Densho Digital Archive
Densho Visual History Collection
Title: Mutsu Homma Interview
Narrator: Mutsu Homma
Interviewers: Dee Goto (primary), Becky Fukuda (secondary)
Location: Seattle, Washington
Date: August 27, 1997
Densho ID: denshovh-hmutsu-01-0004

<Begin Segment 4>

DG: Probably had to do with your upbringing and your family situation. So let's go back. You were born where?

MH: Tono, Iwate-ken.

DG: Okay. That's in what part of Japan?

MH: Iwate-ken is northern part of Japan. Father become Christian after the graduate law school and then he became sick. He thought he was a TB, tuberculosis, and then doctor think so, too. And then he became a Christian so family disowned him because Christian.

DG: Okay. And you said that his family was a samurai family?

MH: Yes, Karo. I didn't know that one Sendai minister came, and then I'm talking to Reverend Wada this way, but if this is a hundred years ago and I can't talk to him. It's quite a different class. That's what he said and then they said the Karo's son and I'm a rice inspector's son. That's what he said. My father was on that platform with closed eyes and didn't say anything. [Laughs] Later he said to him, "Please don't tell like that front of people because some people hurt."

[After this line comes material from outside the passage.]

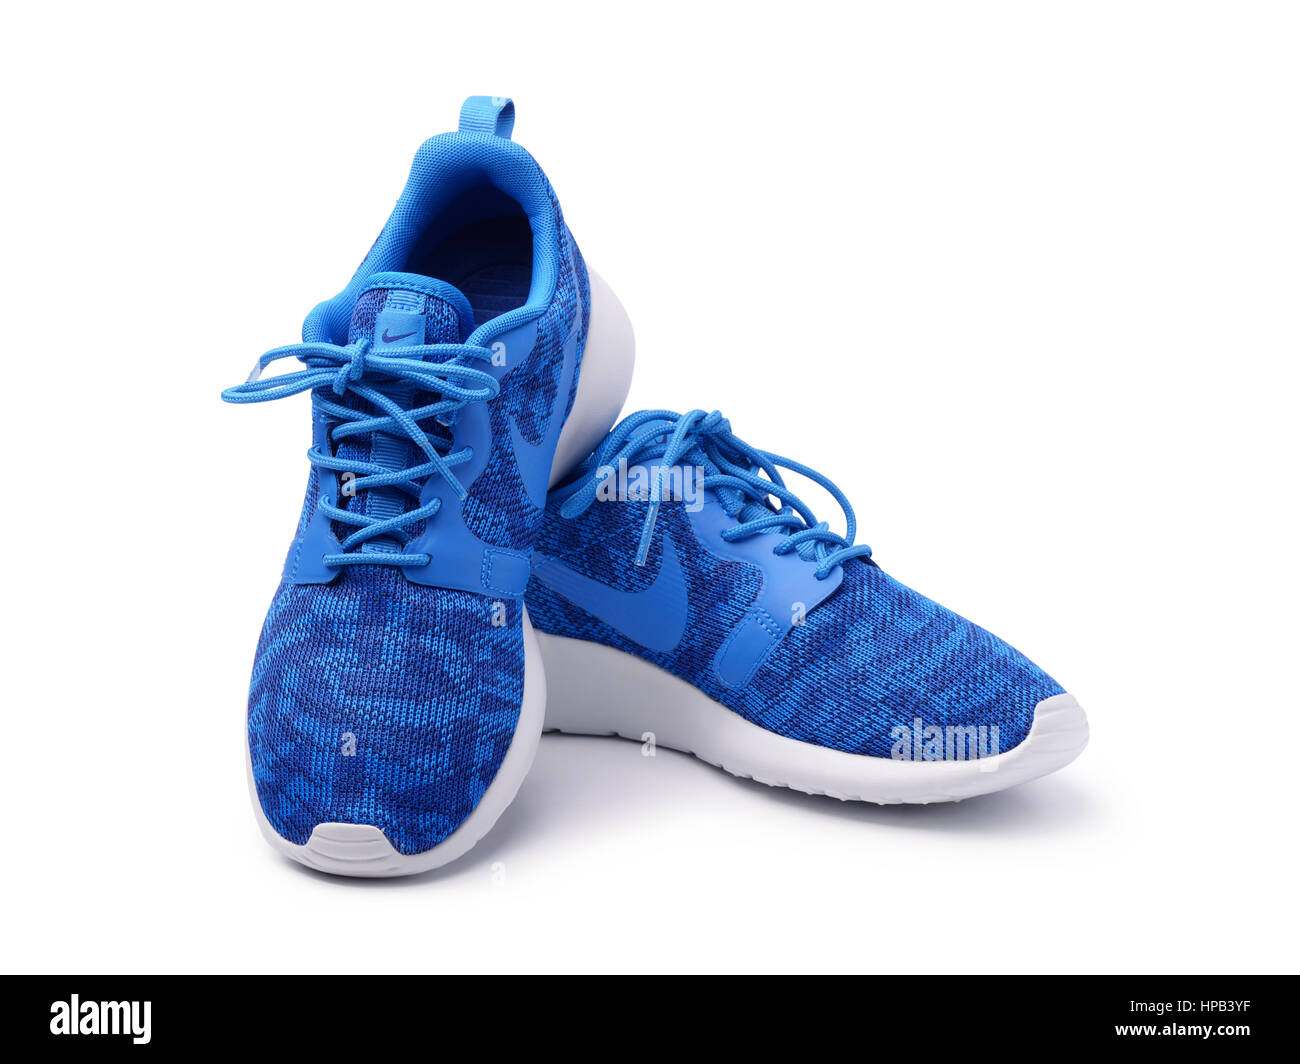 Ejercicio mañanero espíritu Fugaz SAMARA, Rusia - Junio 8, 2015: mujer Nike zapatillas para correr,  entrenamiento, en gris y azul, mostrando el logo de Nike, a título  ilustrativo, la editorial Fotografía de stock - Alamy

DG: Okay. So tell me a little bit about your father and mother were married, right, and then they, and he became converted to Christianity before that, and then he got married, did he, and became a minister?

MH: My mother is a Morioka and then the father (Sendai). All the samurai family, of course, and then mother's side is doctor, Nanbu-han datta tonosama no doctor and then he went to Nagasaki and studied.

DG: That's a long way away.

MH: Yes.

DG: And why did he go all the way to Nagasaki to study?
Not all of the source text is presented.